- _Exercise directions_
Your response to the data below should hold nothing except the lines from the one containing "How long must women wait for liberty?" down to the one containing "The ultimate JavaScript", reproduced exactly and without pictures.

- _Input data_
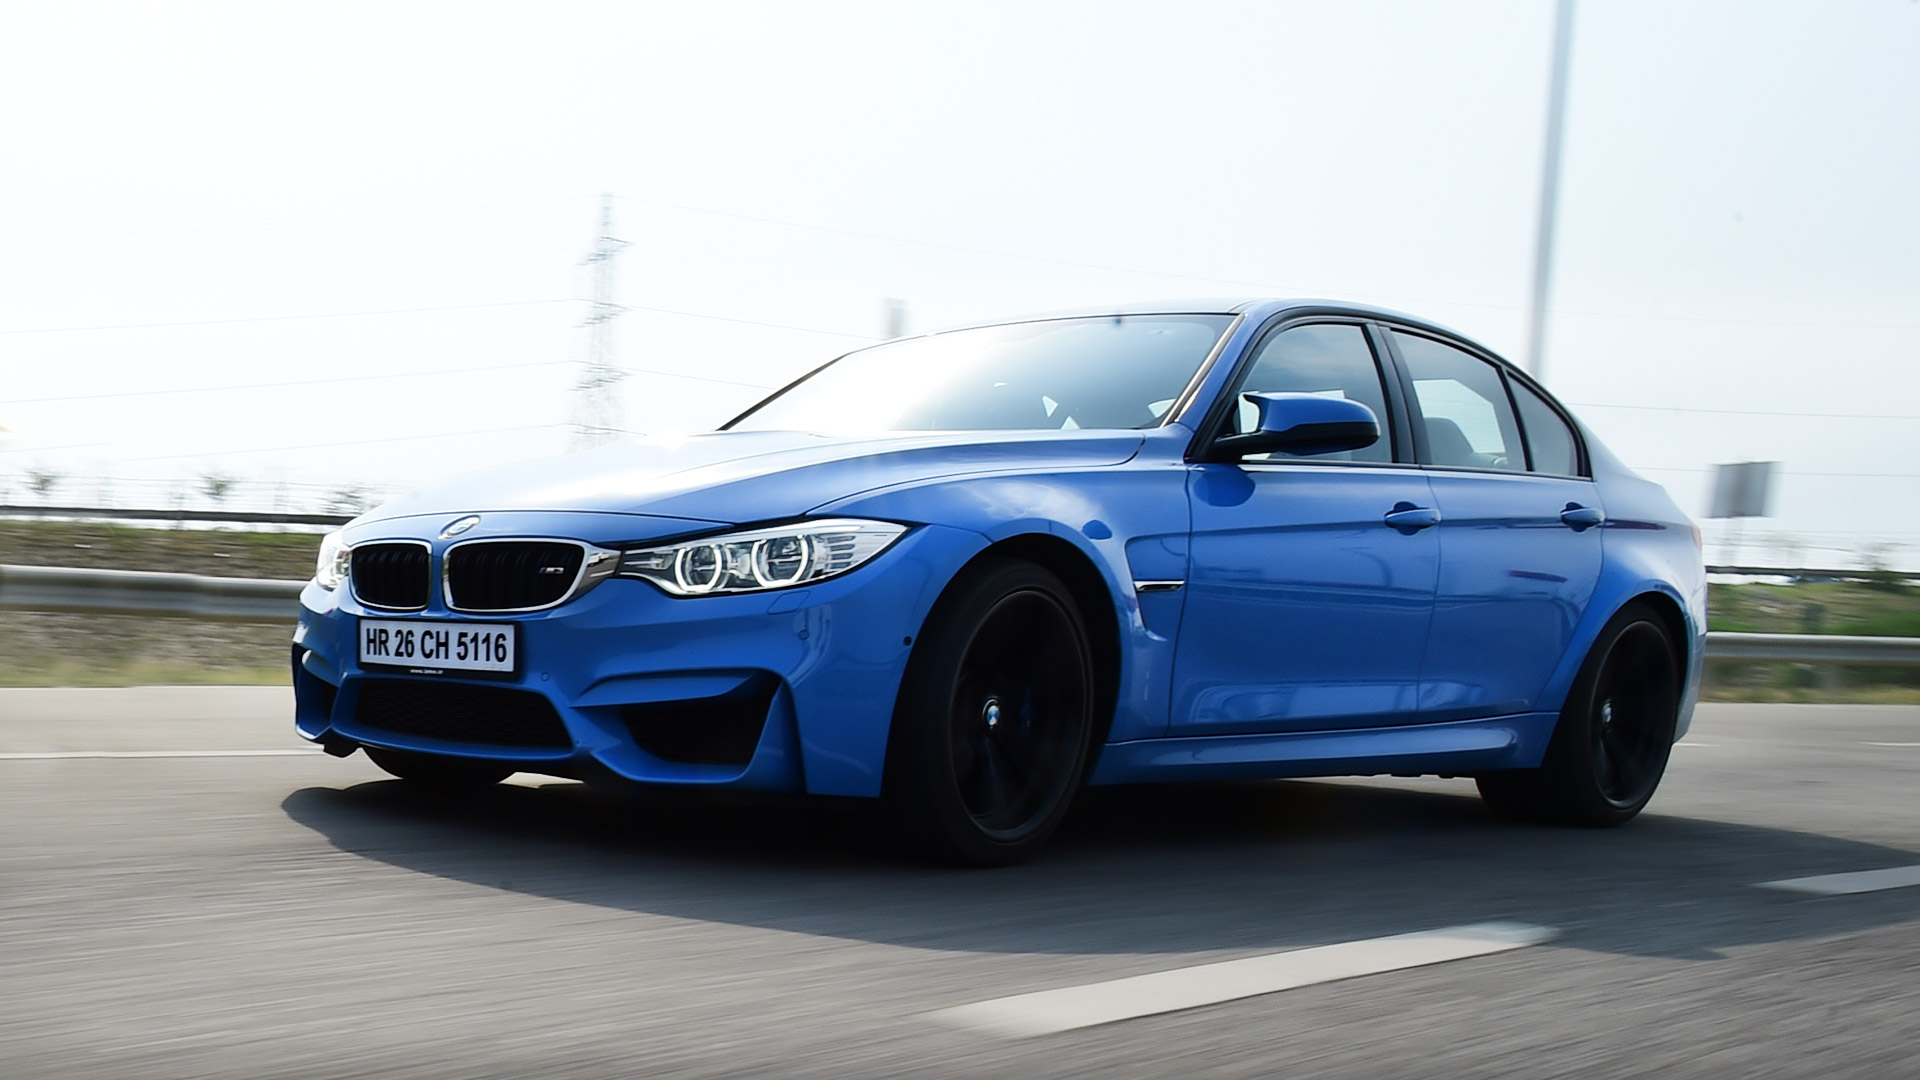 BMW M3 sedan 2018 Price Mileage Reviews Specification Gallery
==
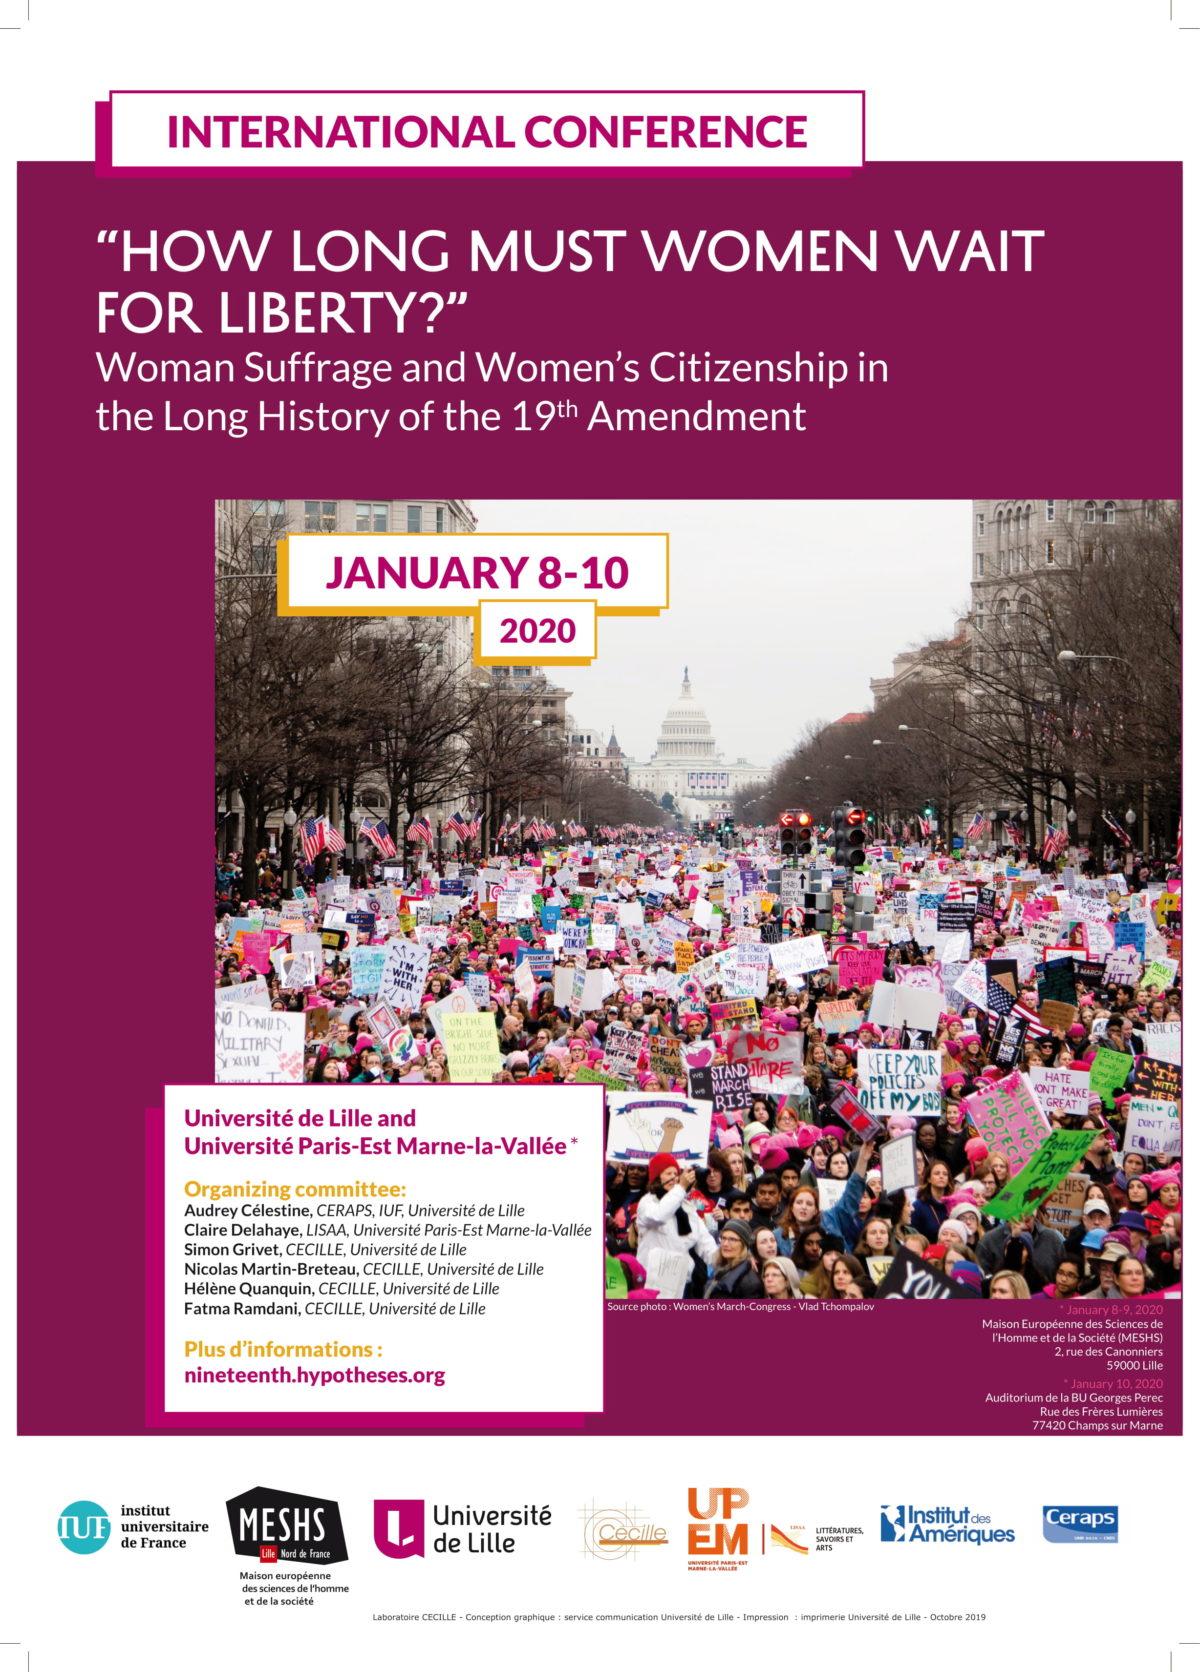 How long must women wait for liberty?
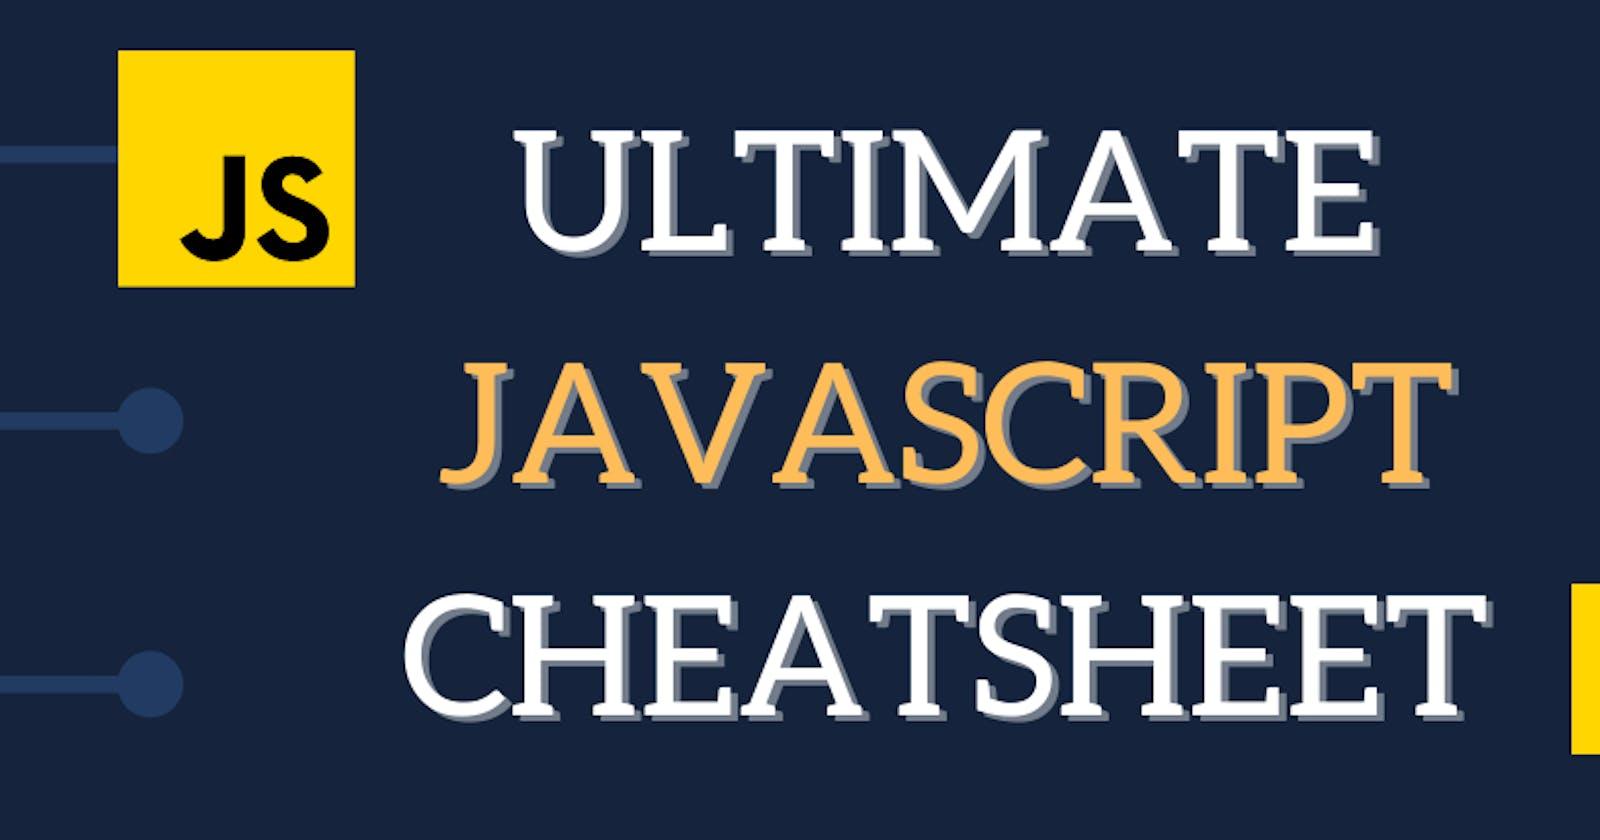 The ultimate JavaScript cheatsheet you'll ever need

- _Task output_
 How long must women wait for liberty?
 The ultimate JavaScript cheatsheet you'll ever need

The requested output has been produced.